===== Source material

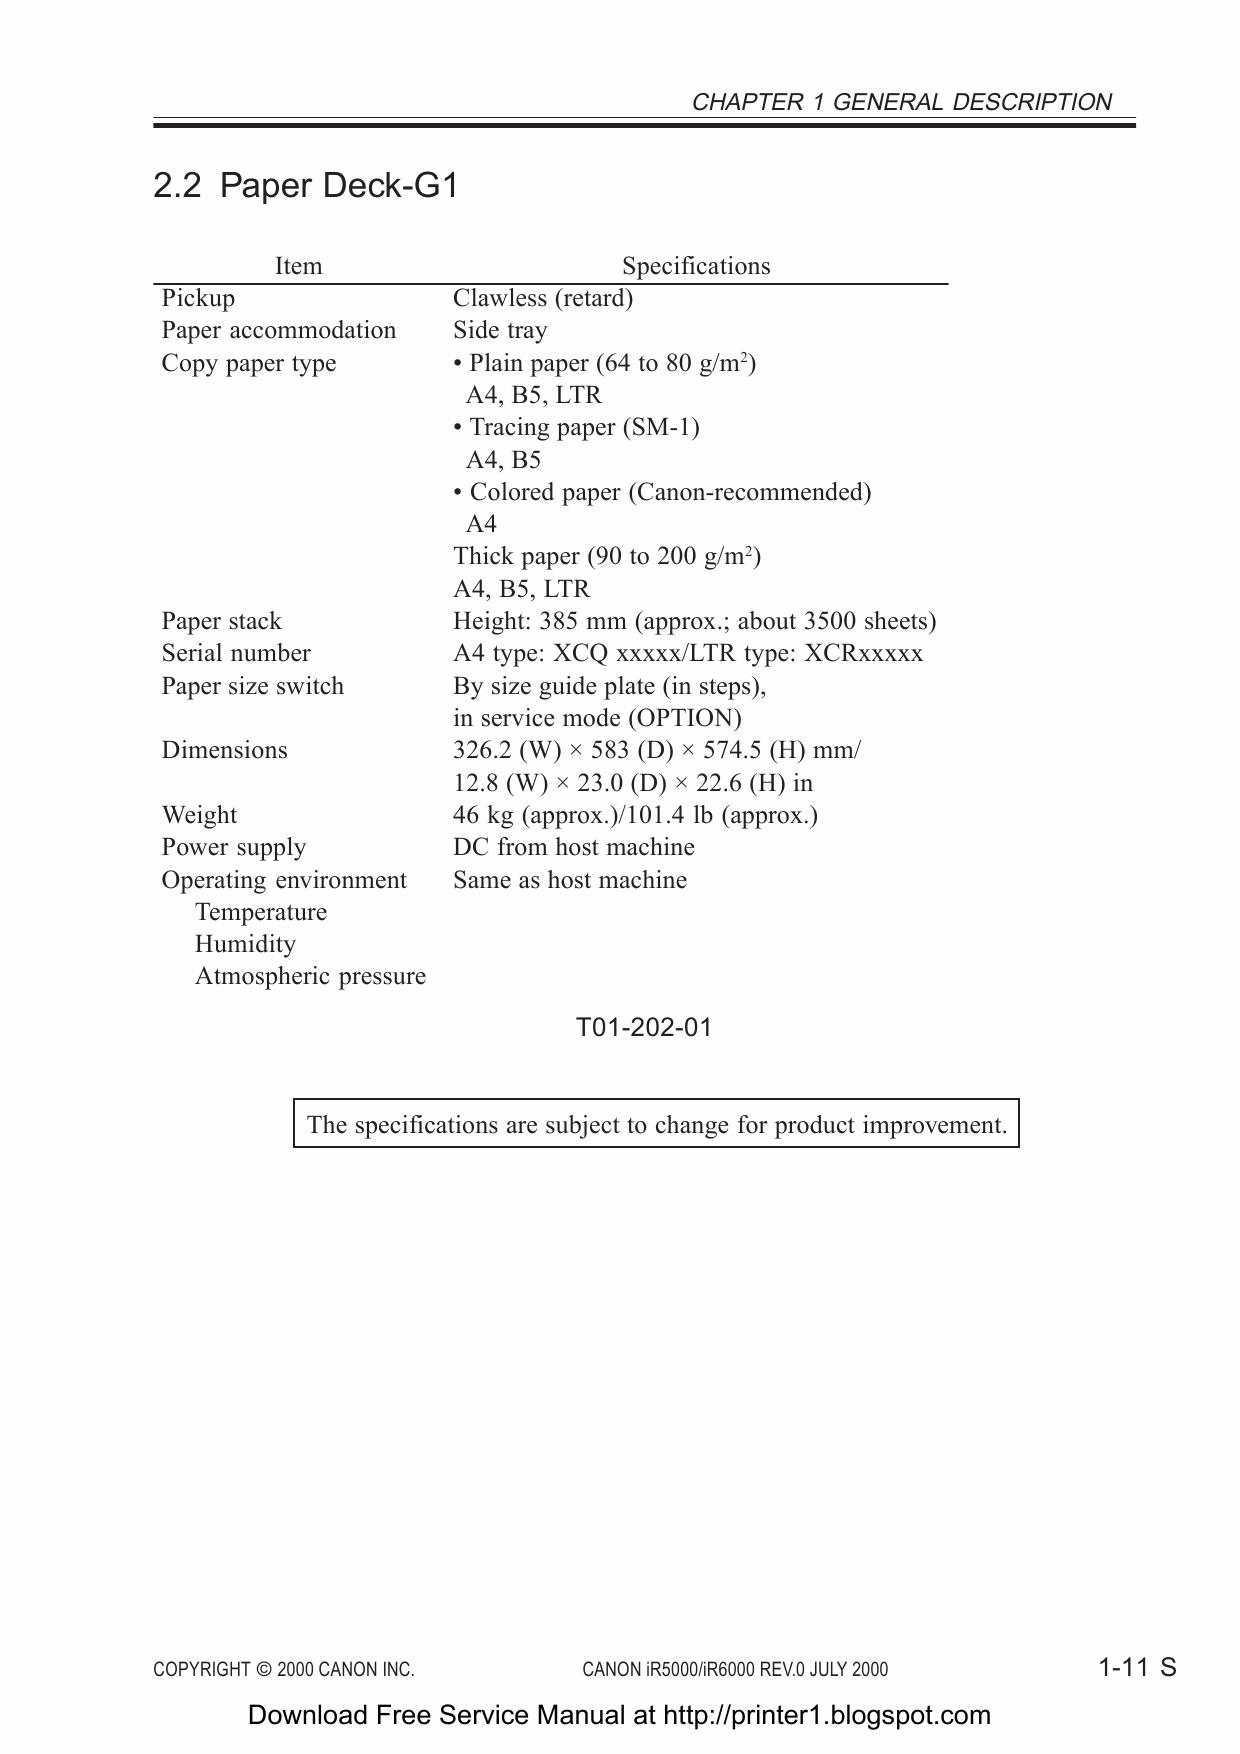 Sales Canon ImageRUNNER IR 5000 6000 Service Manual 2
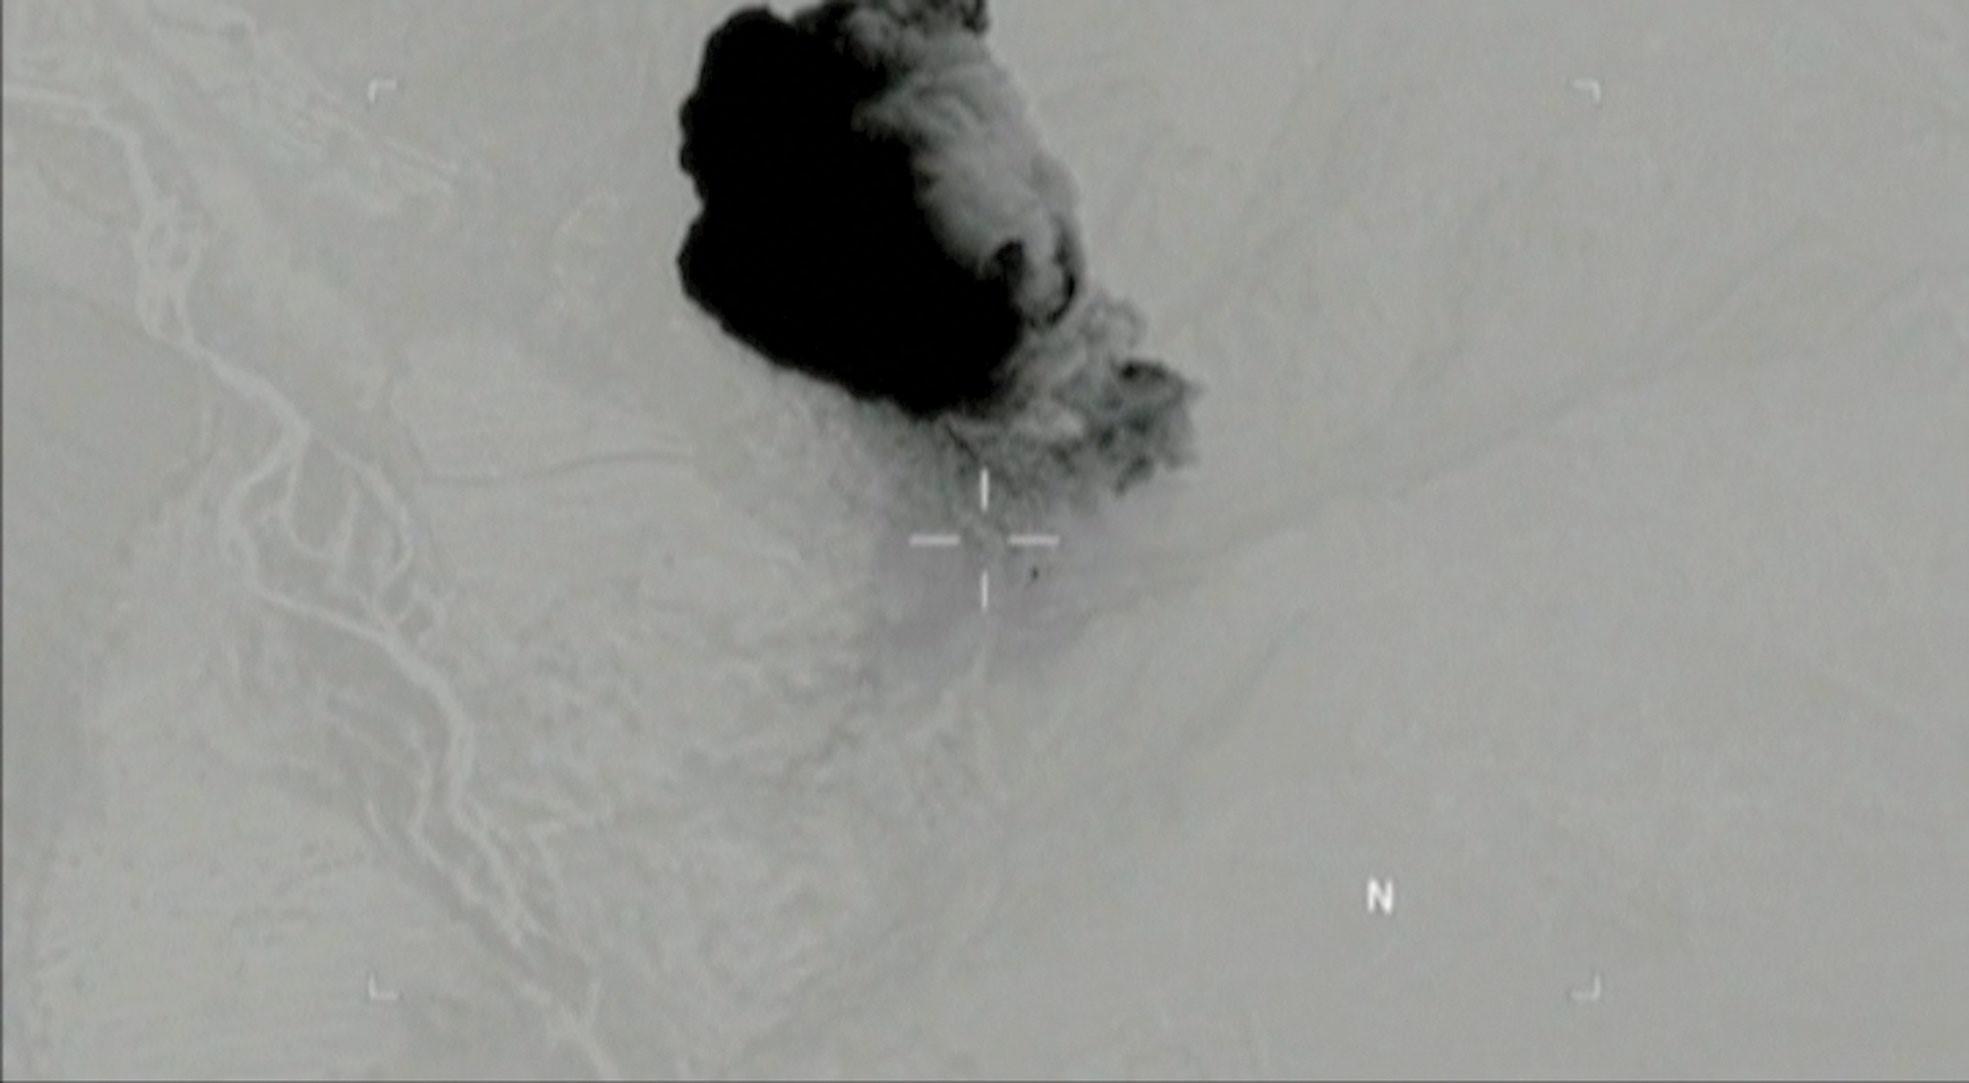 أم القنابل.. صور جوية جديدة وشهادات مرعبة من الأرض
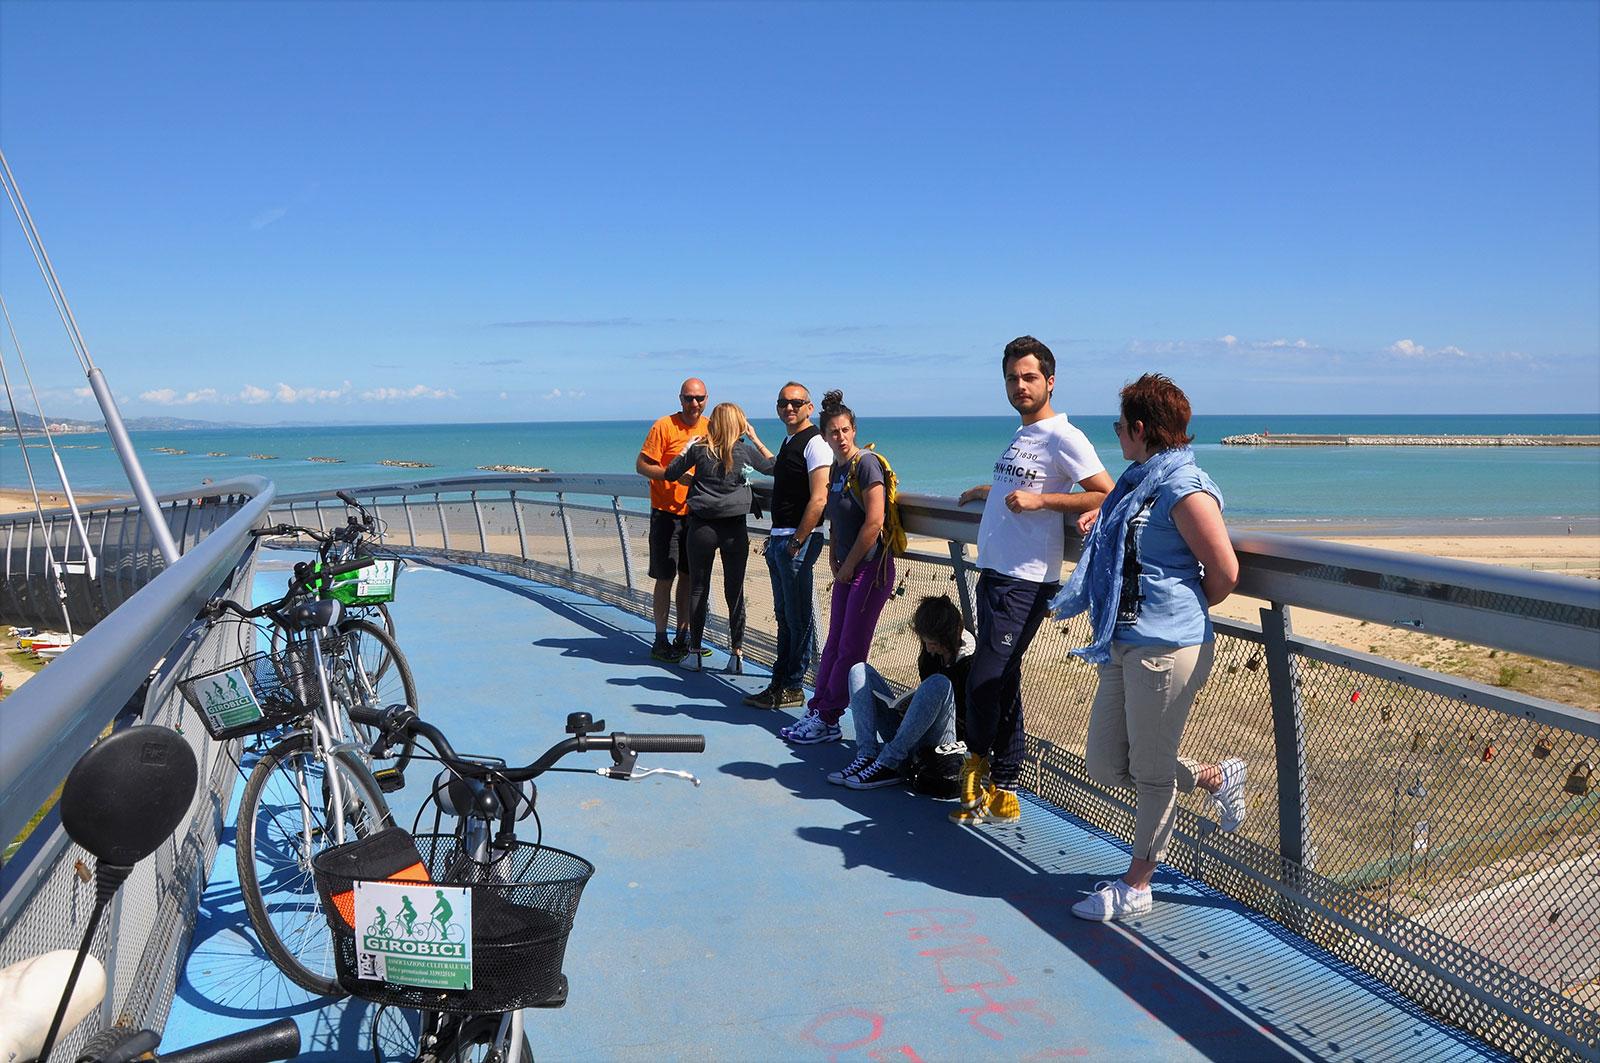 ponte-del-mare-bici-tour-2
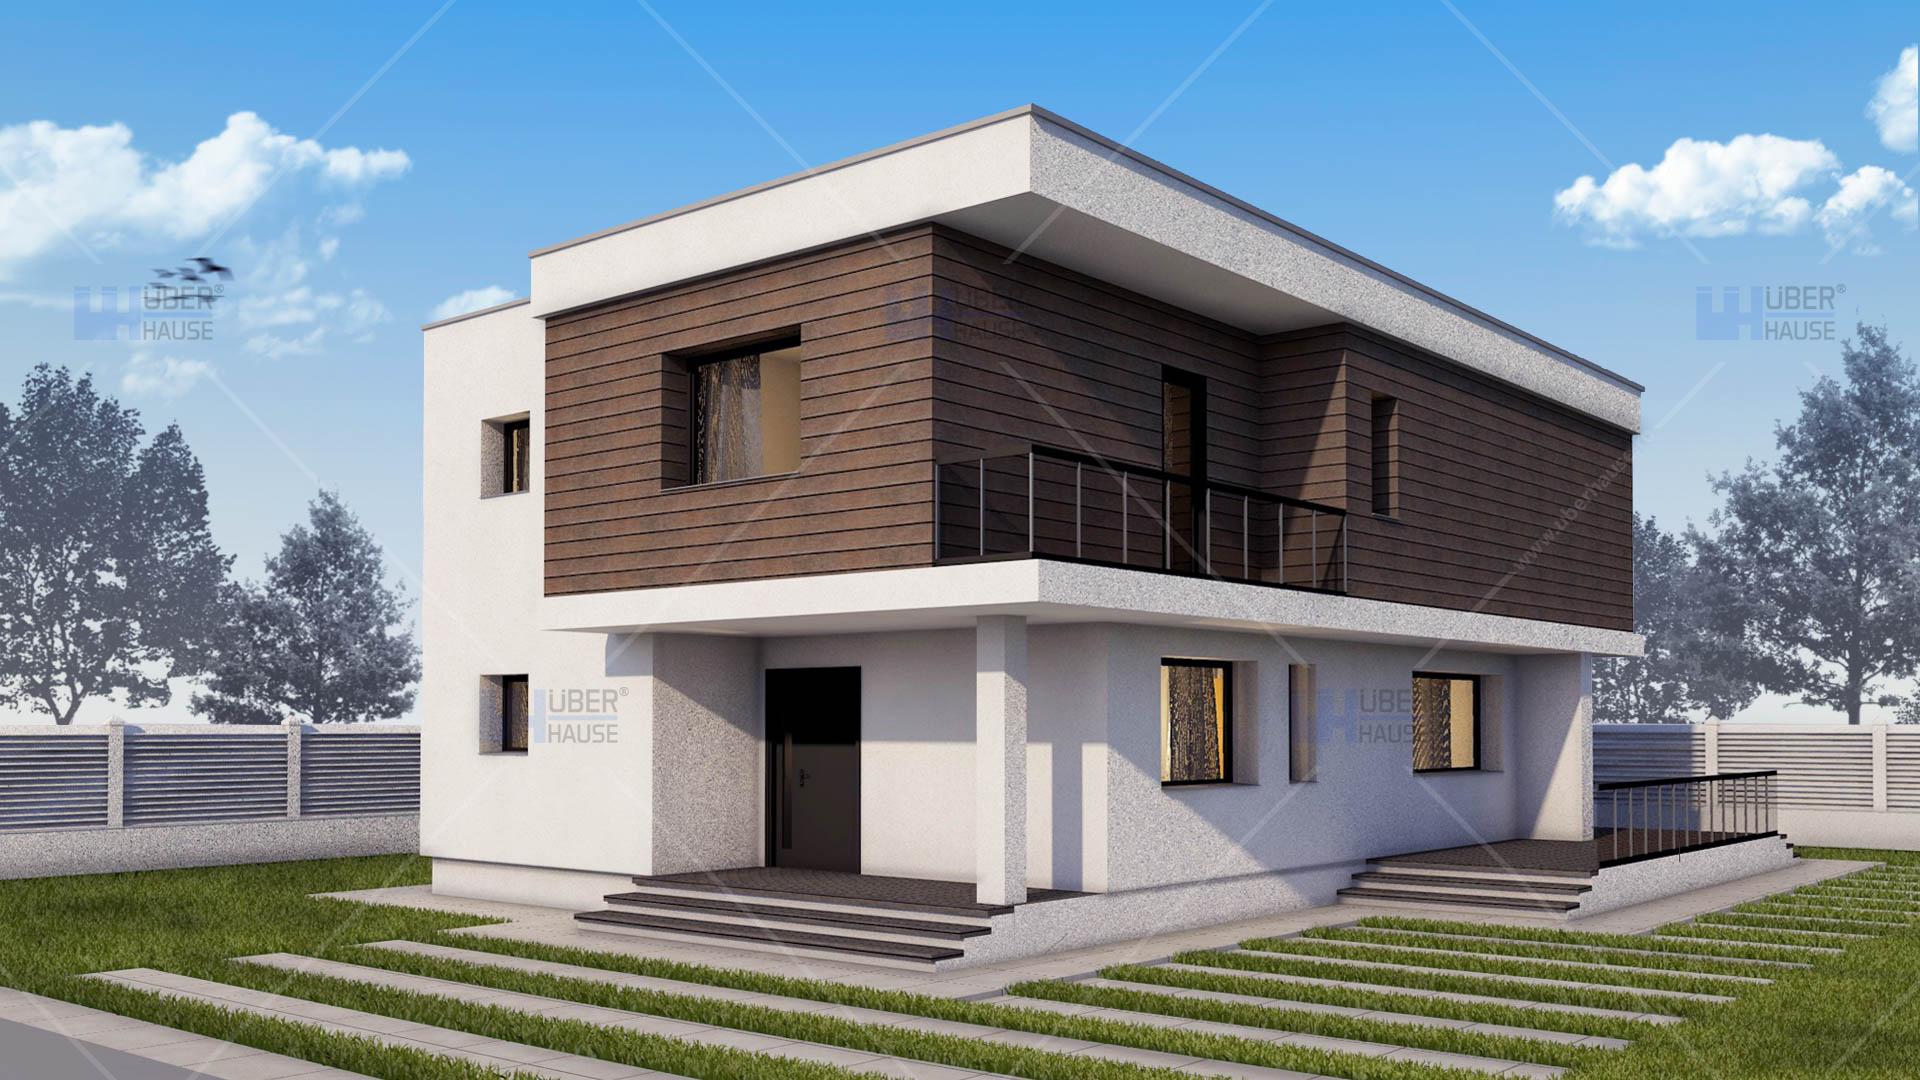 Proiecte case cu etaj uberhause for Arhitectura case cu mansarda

==========

• _Task objective_: Give back the whole listing exactly as it stands. No pictures belong in the copy.

• _Result of this exercise_:
 Sales Canon ImageRUNNER IR 5000 6000 Service Manual 2
 أم القنابل.. صور جوية جديدة وشهادات مرعبة من الأرض
 ponte-del-mare-bici-tour-2
 Proiecte case cu etaj uberhause for Arhitectura case cu mansarda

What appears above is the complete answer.